Compliance Statement
Compliance Statement of InVision Software AG concerning the German Corporate Governance Codex for the fiscal year 2008, in accordance with § 161 of the German Stock Corporation Act (AktG).
InVision Software AG conforms to the recommendations of the German Corporate Governance Code ("Code") passed by the "German Corporate Governance Government Commission", in its version of 14 June 2007, except for the points listed below.
The Management Board and the Supervisory Board of InVision Software AG support the principle of proper and responsible company management as stated in the Code.
The recommendations and proposals of the Code will be implemented insofar as deemed appropriate with regard to InVision Software AG.
The following recommendations are currently not pursued by InVision Software AG:
- For reasons of cost and in view of the size of the Company and the relatively low number of shares that are widely held, the Company does not allow its shareholders – contrary to section 2.3.4 of the Code – to use modern means of communication to track and follow the Shareholders' Meeting.
- The directors and officers' liability insurance policy (D&O policy) concluded in favour of the Executive Board and Supervisory Board members does not provide for any deductible (section 3.8 of the Code). The reason for excluding any deductible is that there is currently no consensus regarding what is considered a "reasonable" deductible within the meaning of section 3.8 of the Code. Given the large number of shares held by members of the Executive Board in the Company, the Company also assumes that there will be adequate incentive for the Executive Board to duly and responsibly conduct management. The amount of the premium is not otherwise influenced by the agreement on a deductible.
- The compensation arrangements for the Executive Board does not provide for any variable components (section 4.2.3 of the Code). The Company assumes that the large number of shares held by members of the Executive Board in the Company's registered share capital provides an adequate incentive for the dedicated and responsible management of the Company.

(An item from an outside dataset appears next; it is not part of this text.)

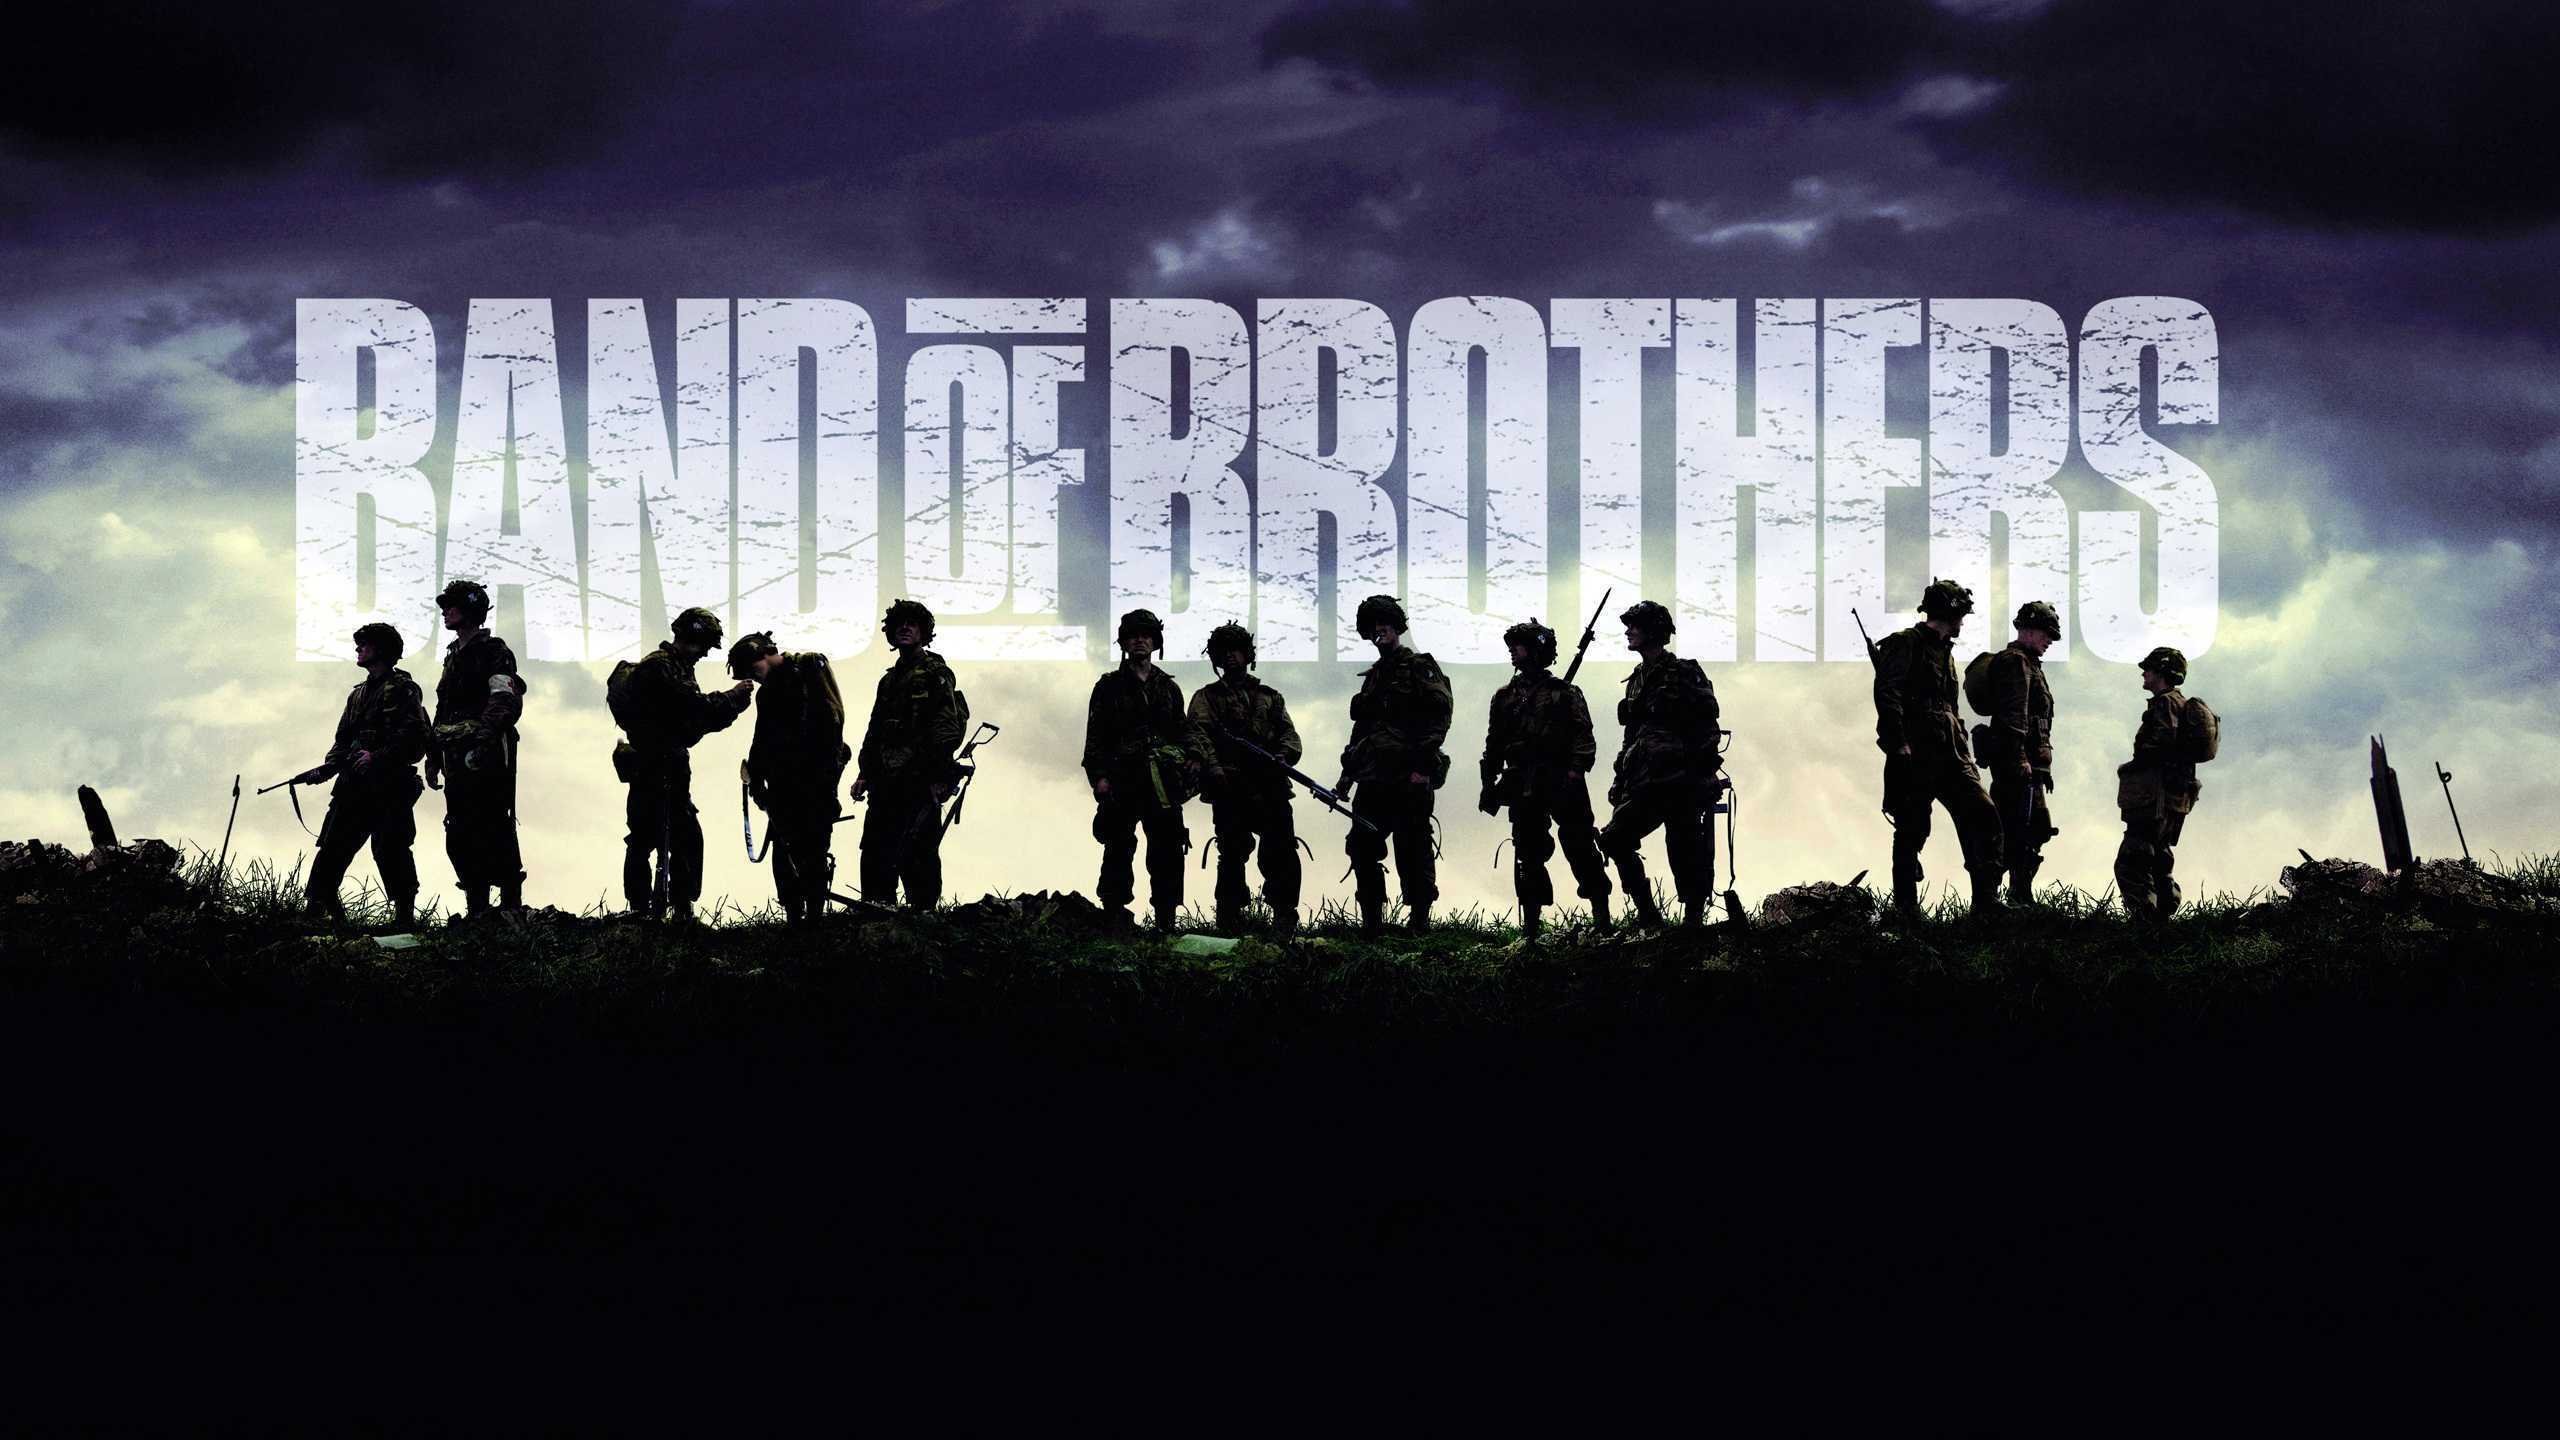 band, Of, Brothers, Serie, Tv Wallpaper

- To date, no age limit (mandatory retirement age) for Executive Board members has been set (section 5.1.2 of the Code). Given the age of the Executive Board members, no such action has been required so far. The Executive Board and Supervisory Board do, however, agree with the purpose underlying this Code rule and will set such an age limit at a later time in conformity with the Code.
- The Company's articles and memorandum of association and the Supervisory Board's internal rules of procedure grant the Supervisory Board the authority to form committees (section 5.3 of the Code). Given the current size of the Company, the Supervisory Board currently consists of only three members. Accordingly, forming committees would not simplify or streamline the work of the Supervisory Board.
- In addition to their fixed compensation, members of the Supervisory Board do not receive performance-based compensation (section 5.4.7 of the Code). The Executive Board and Supervisory Board do not feel that performance-based compensation for the Supervisory Board is practicable. On the one hand, Supervisory Board compensation linked to the success of the company would fundamentally contradict the Board's supervisory function; and on the other hand, the Executive Board and Supervisory Board believe that variable compensation can be linked only to Group operating results, over which the Supervisory Board has little influence. In the Company's opinion, linking variable Supervisory Board compensation to the amount of distributed dividends creates problems since the Executive Board and Supervisory Board must recommend these actions to the Shareholders' Meeting and would therefore allow themselves, as the beneficiaries, to dictate at least part of their variable compensation. The Company has therefore decided to compensate members of the Supervisory Board according to the costs incurred, which means that they will be paid a meeting fee.
- The Company generally endeavours to publish the annual financial statements within 90 days, and the interim financial statements within 45 days, after the end of the respective reporting period (subsection 7.1.2 of the Code). Given the Company's organisational needs, it is possible, however, that these reports will be published merely in accordance a timetable that complies with the requirements of the Prime Standard of the German Stock Exchange.